[What you need to do]:
Below are some entries. Transcribe the lines from the one holding "I Miei Primi" to the one holding "Brațe de suspendare", inclusive, but not the pictures among them.

[Record extracts]:

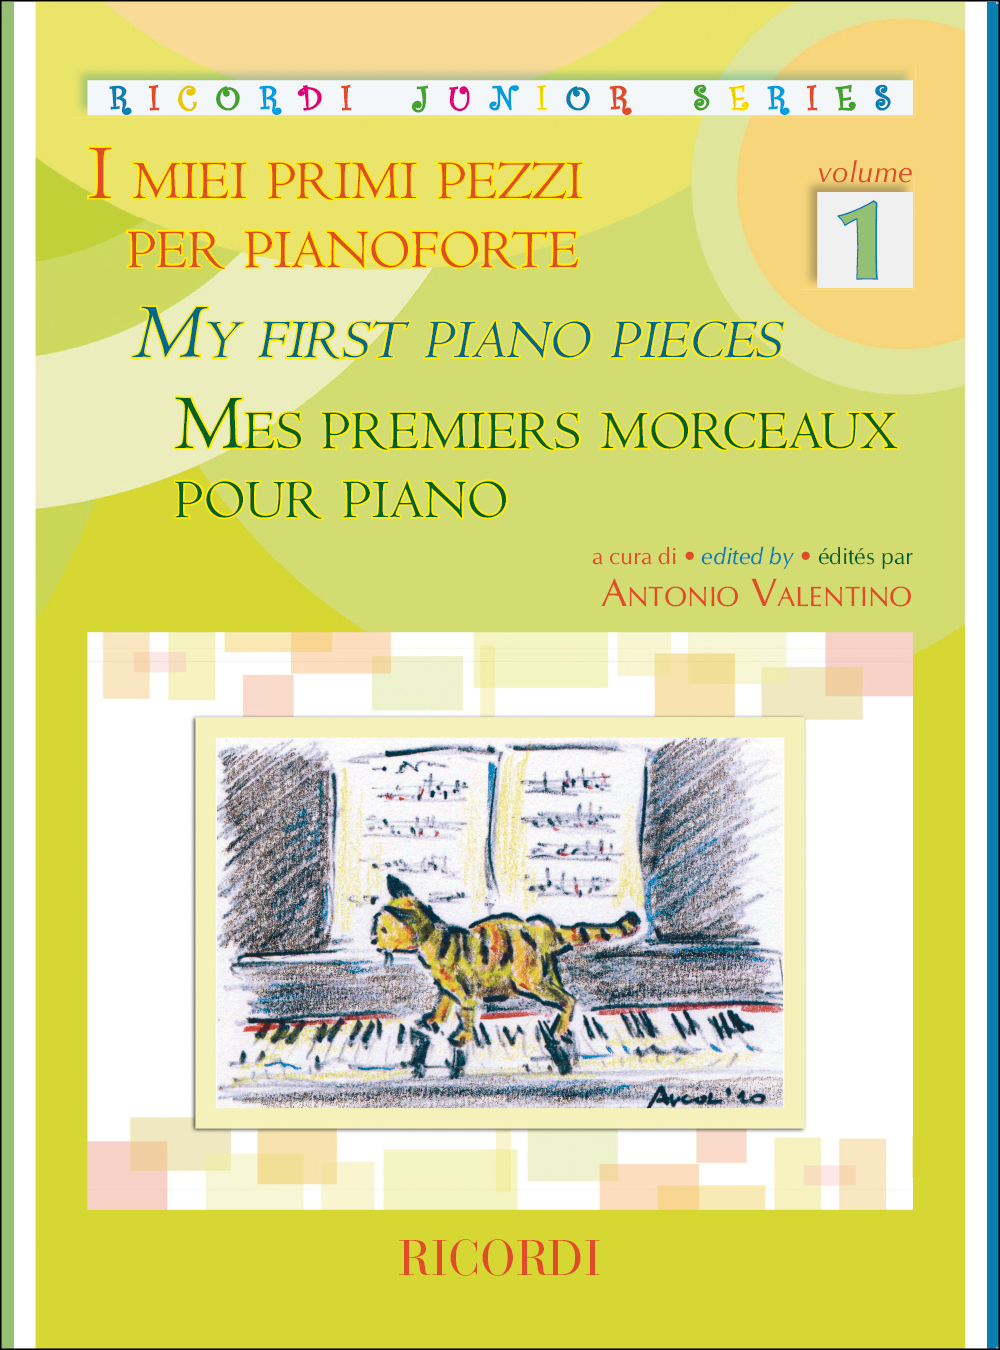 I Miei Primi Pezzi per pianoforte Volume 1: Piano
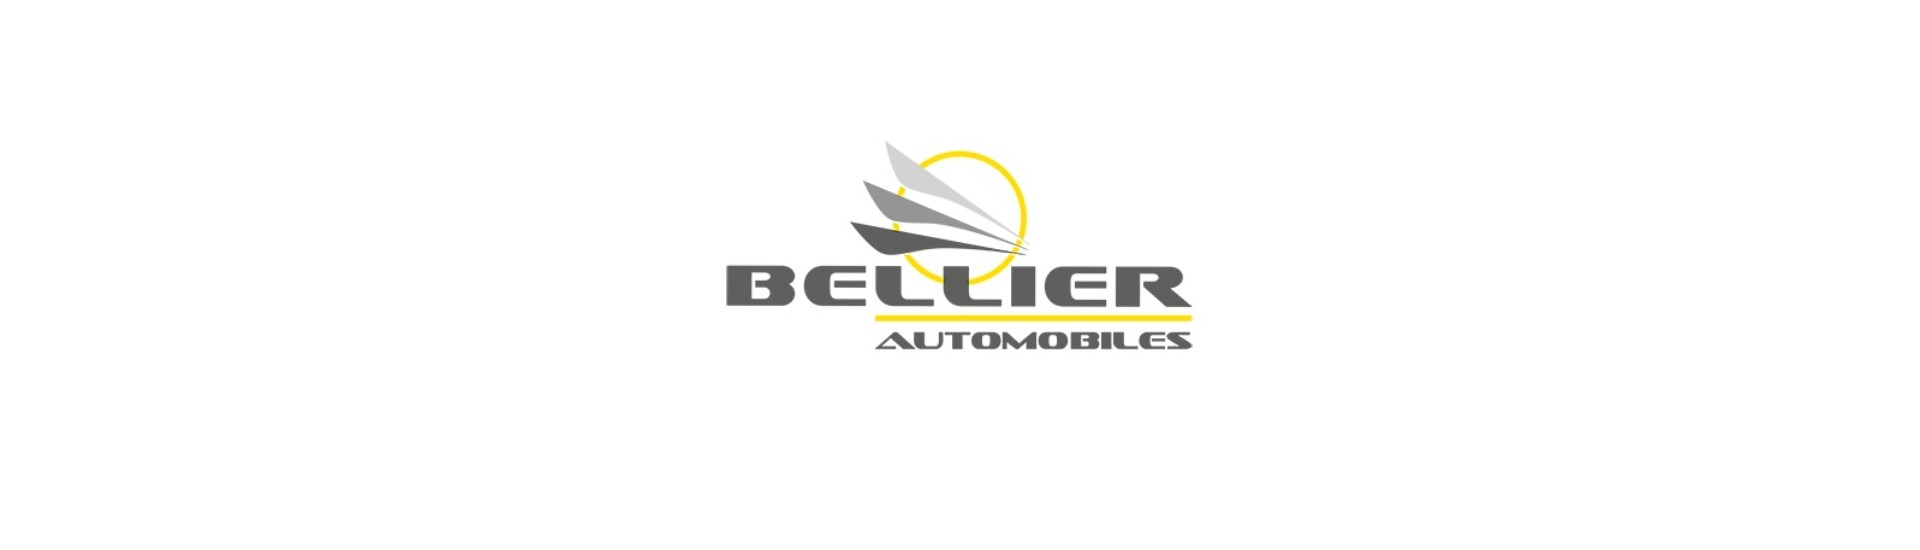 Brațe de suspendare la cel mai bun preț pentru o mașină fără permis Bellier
--
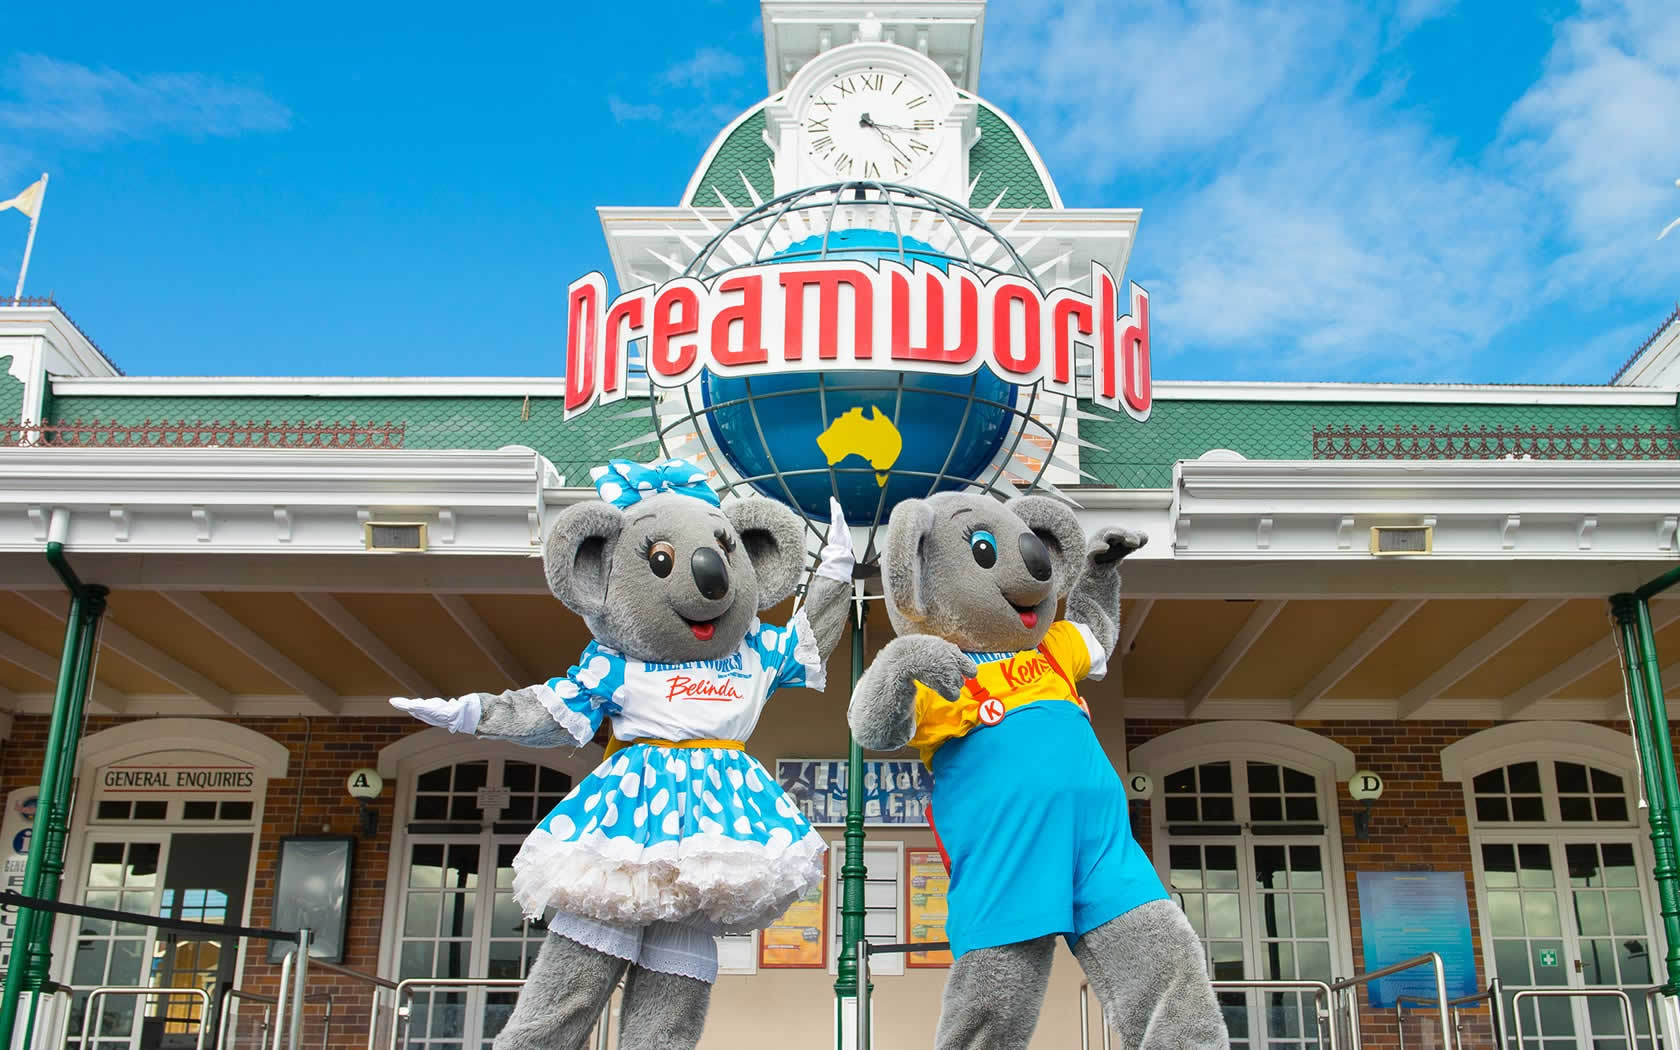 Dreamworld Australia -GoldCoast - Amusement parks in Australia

[Answer to the exercise]:
 I Miei Primi Pezzi per pianoforte Volume 1: Piano
 Brațe de suspendare la cel mai bun preț pentru o mașină fără permis Bellier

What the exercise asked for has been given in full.